*EXERCISE MATERIALS:*
○ ○ ○ ○

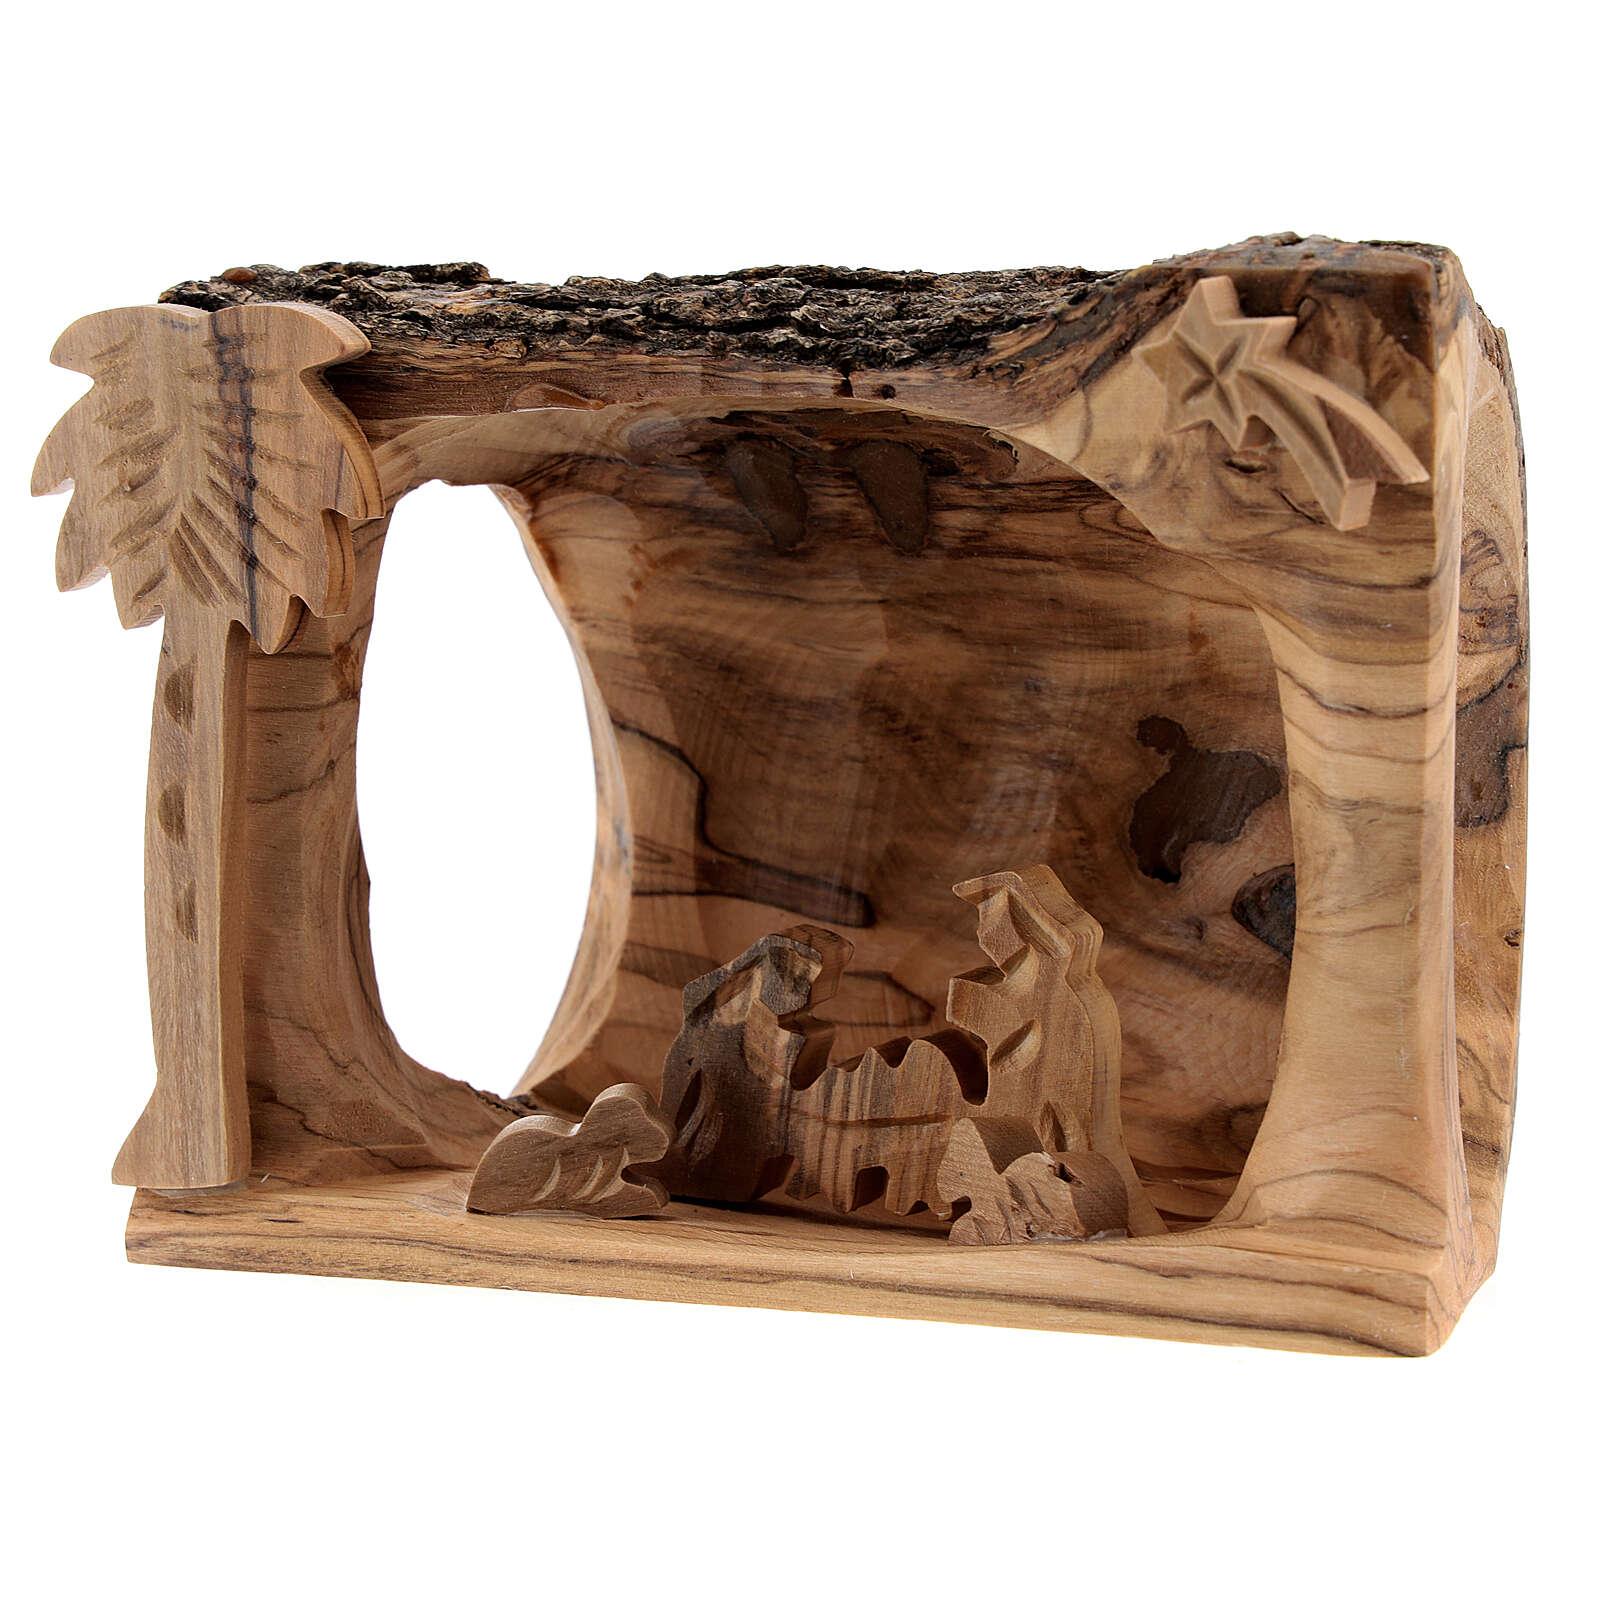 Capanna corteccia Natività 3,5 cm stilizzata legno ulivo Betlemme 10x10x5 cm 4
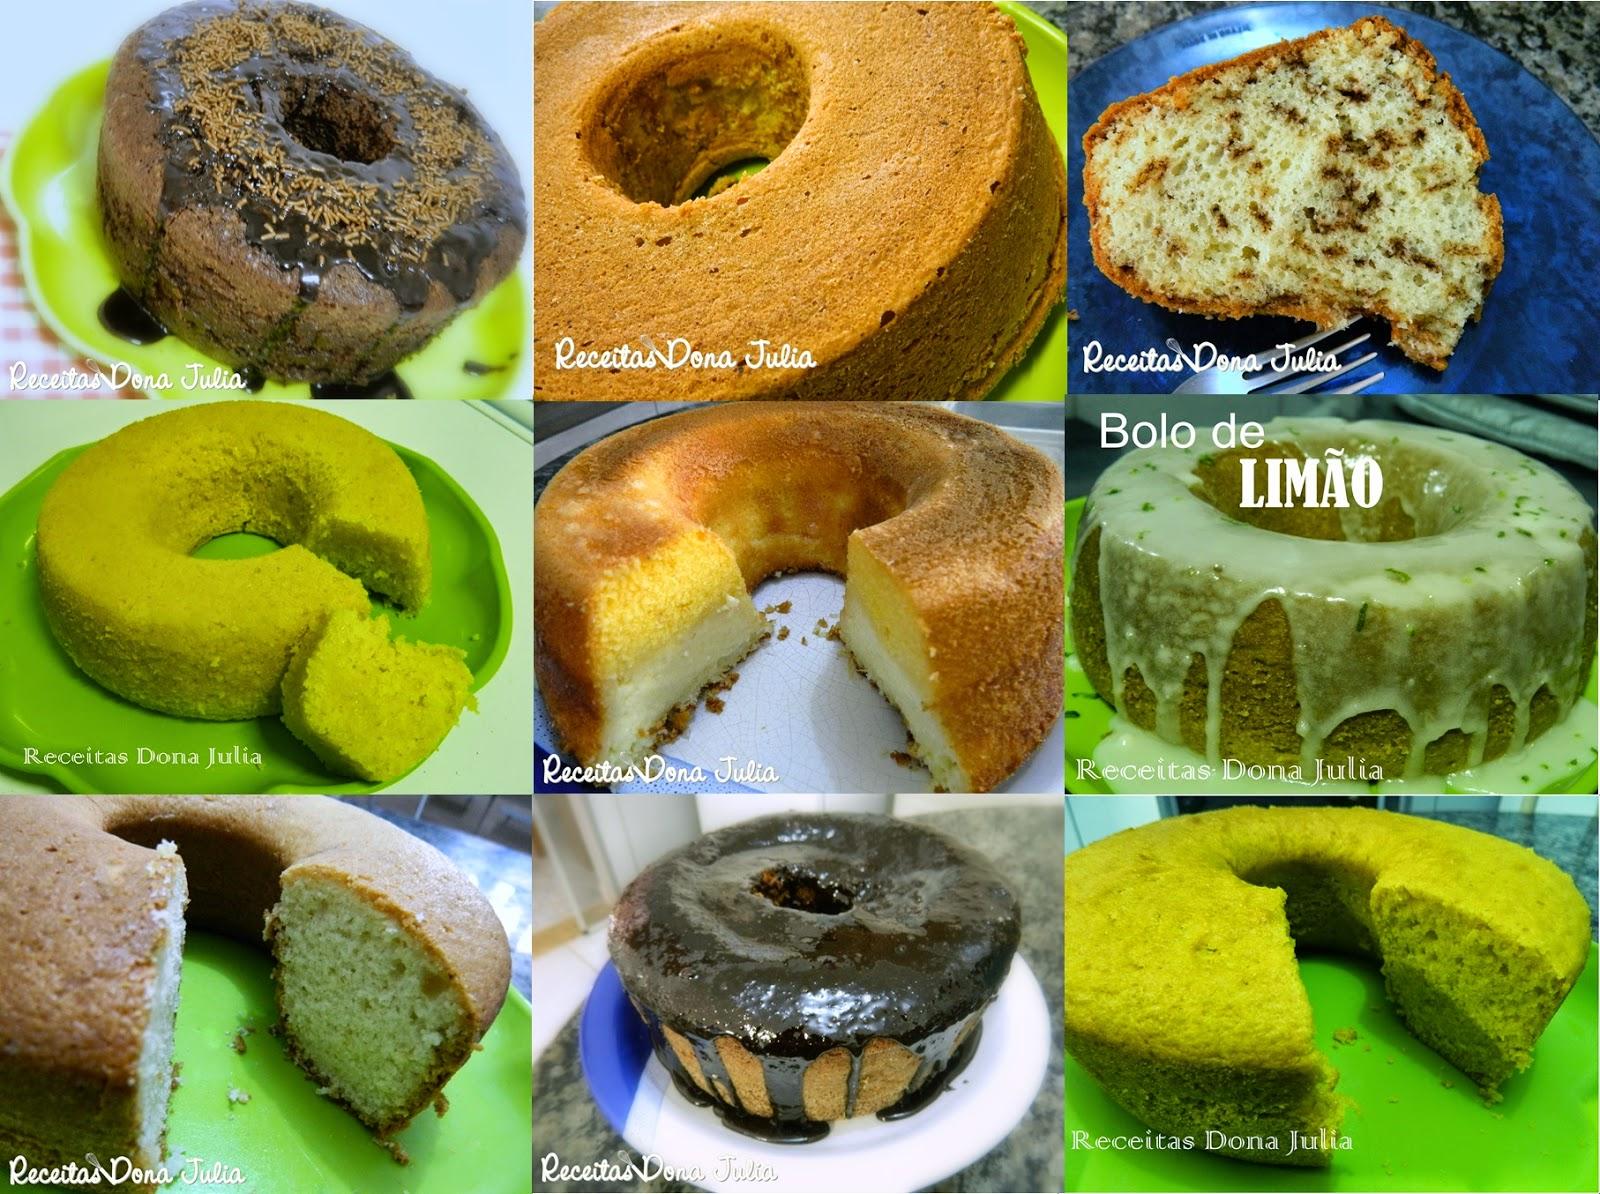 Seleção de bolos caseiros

○ ○ ○ ○

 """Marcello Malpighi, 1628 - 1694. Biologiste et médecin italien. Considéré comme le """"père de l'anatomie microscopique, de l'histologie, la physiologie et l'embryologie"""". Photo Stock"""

○ ○ ○ ○

*WHAT IS EXPECTED:*
Take only the lines above from the one that has "Capanna corteccia Natività" through the one that has "Seleção de bolos caseiros" and reproduce them exactly, omitting any pictures.

*SOLUTION FOR THIS PROBLEM:*
 Capanna corteccia Natività 3,5 cm stilizzata legno ulivo Betlemme 10x10x5 cm 4
 Seleção de bolos caseiros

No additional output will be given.